Measure your current state. Don't try to improve anything yet. Just understand where you are. Most teams are surprised by what the data shows, particularly cycle time. The gap between perceived and actual cycle time is usually significant.

Month 2-3: Identify one improvement

Pick the metric with the most obvious improvement opportunity. Usually it's WIP, because limiting work in progress has an immediate effect on cycle time and throughput. Make one process change and observe the effect.

Ongoing: Review monthly

Once a month, look at your three numbers. Are they trending in the right direction? If yes, maintain. If no, investigate. Keep the review short, thirty minutes maximum, focused on patterns rather than individual data points.

The Cultural Shift

The hardest part isn't the measurement. It's changing the culture from "we delivered a lot" to "we delivered the right things efficiently." Some teams resist measurement because it feels like surveillance.

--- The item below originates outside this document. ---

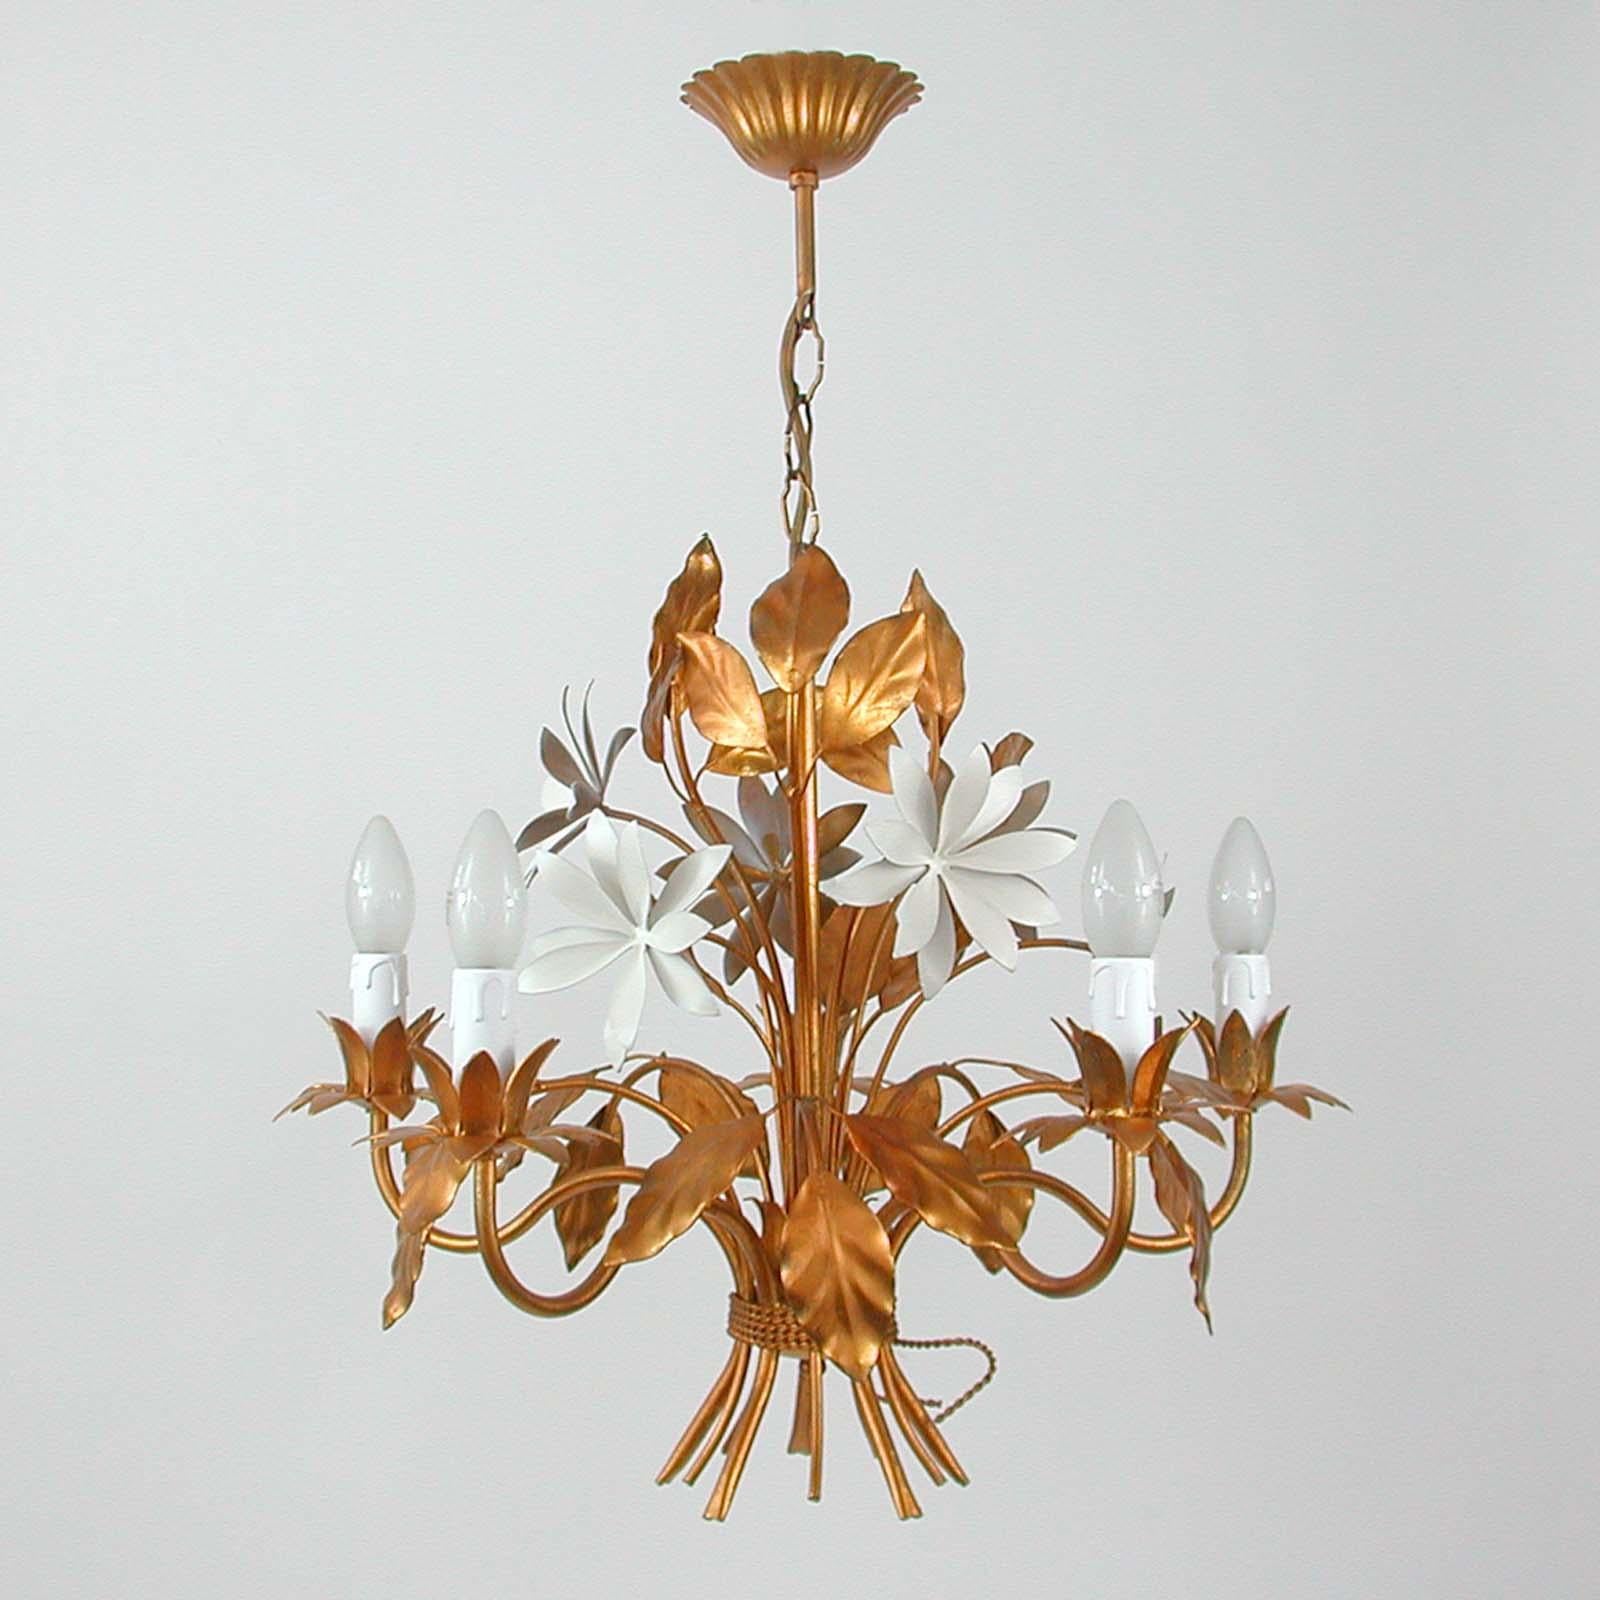 Ce magnifique lustre doré a été conçu et fabriqué en Allemagne dans les années 1970 par Hans Kögl Leuchten. Il comporte 5 lumières et est fait de métal plaqué or antique et de fleurs laquées blanc cassé. 

Les dessins de Kögls s'inspirent de

That's a reasonable concern and it needs to be addressed directly.

Evidence-based delivery isn't about monitoring individual performance. It's about understanding system behaviour. The metrics belong to the team, not to management. They're tools for the team to improve their own process, not tools for leadership to evaluate individuals.

When teams own their metrics and use them to improve their own work, the resistance disappears. When metrics are imposed from above and used for performance evaluation, they get gamed. The implementation approach determines the outcome.

Start Small, Stay Honest

The organisations that get the most value from evidence-based delivery are the ones that start with a few honest metrics and use them to make small, consistent improvements. Not the ones that build elaborate measurement frameworks. Small and honest beats elaborate and ignored, every time.